Rien n'est plus précieux pour elle. Merci à vous.


----------



## tirhum (20 Janvier 2011)

Pour que, au moins, malgré ses absences, ses nuits soient douces...







On est là; courage à ceusses qui s'en occupent au quotidien...


----------



## Amok (20 Janvier 2011)

C'est qui, Amok ? :rose:


----------



## etudiant69 (20 Janvier 2011)

Ce fût un violet, mais aujourd'hui il s'oublie.


----------



## Romuald (20 Janvier 2011)

tirhum a dit:


> Pour que, au moins, malgré ses absences, ses nuits soient douces...
> 
> 
> 
> ...



Tu oublies le principal !


----------



## da capo (20 Janvier 2011)

ombre malheureuse ?

j'ai un doute...


Et vous comptez réveiller l'ancien comme ça ?


----------



## Anonyme (20 Janvier 2011)

Ouais, vert, violet, rouge - l'Amok est une sorte de SCF (sans couleur fixe) errant sur le forum en poussant son petit caddie plein des sacs poubelles d'une gloire passée et en grande partie oubliée d'où s'échappent parfois des remarques acerbes (et à croates aussi) qui ne terrifient plus grand monde, mais on fait semblant, on a pitié...

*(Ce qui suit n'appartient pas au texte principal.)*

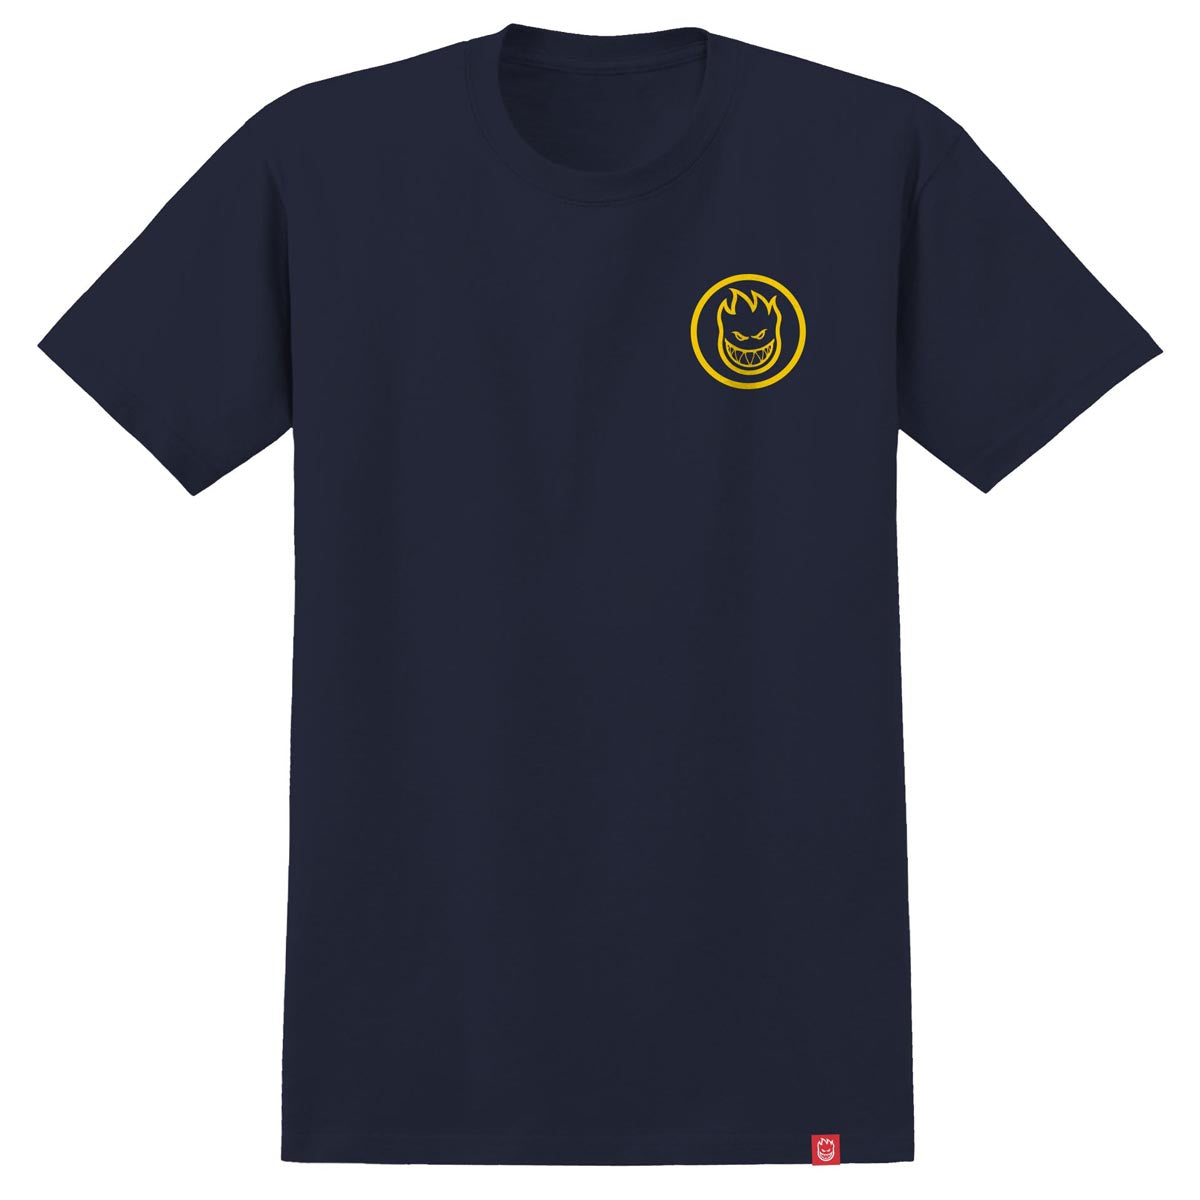 Spitfire Classic Swirl T-Shirt - Navy/Yellow image 2

Et les infâme créature nuisibles de ces lieux passent en riant de ses pauvres efforts !

Ô triste destin !
Ô profonde déchéance !

Aujourd'hui, l'Amok au caddie n'a pu dupper troll, il est vide et abandonné, une vraie épave.


----------



## gKatarn (20 Janvier 2011)

tirhum a dit:


> Pour que, au moins, malgré ses absences, ses nuits soient douces...



Sans oublier de quoi s'appuyer et ne pas trébucher dans la journée.


----------



## Amok (20 Janvier 2011)

gKatarn a dit:


> Sans oublier de quoi s'appuyer et ne pas trébucher dans la journée.



Comment dit-on ? Ah oui :  "_L'hôpital qui se fout de la charité_" ! 

---------- Nouveau message ajouté à 11h51 ---------- Le message précédent a été envoyé à 11h49 ----------




PonkHead a dit:


> Aujourd'hui, l'Amok au caddie n'a pu dupper troll, il est vide et abandonné, une vraie épave.



Gribouille avait même, un temps, pensé à m'empailler. Mais le taxidermiste a pensé que la peau ne résisterait pas (non plus) et cette admirable idée n'a pas eue de suite... :rateau:
(Sinon, je vois que tu suis assidument la méthode vert-mot de P77 )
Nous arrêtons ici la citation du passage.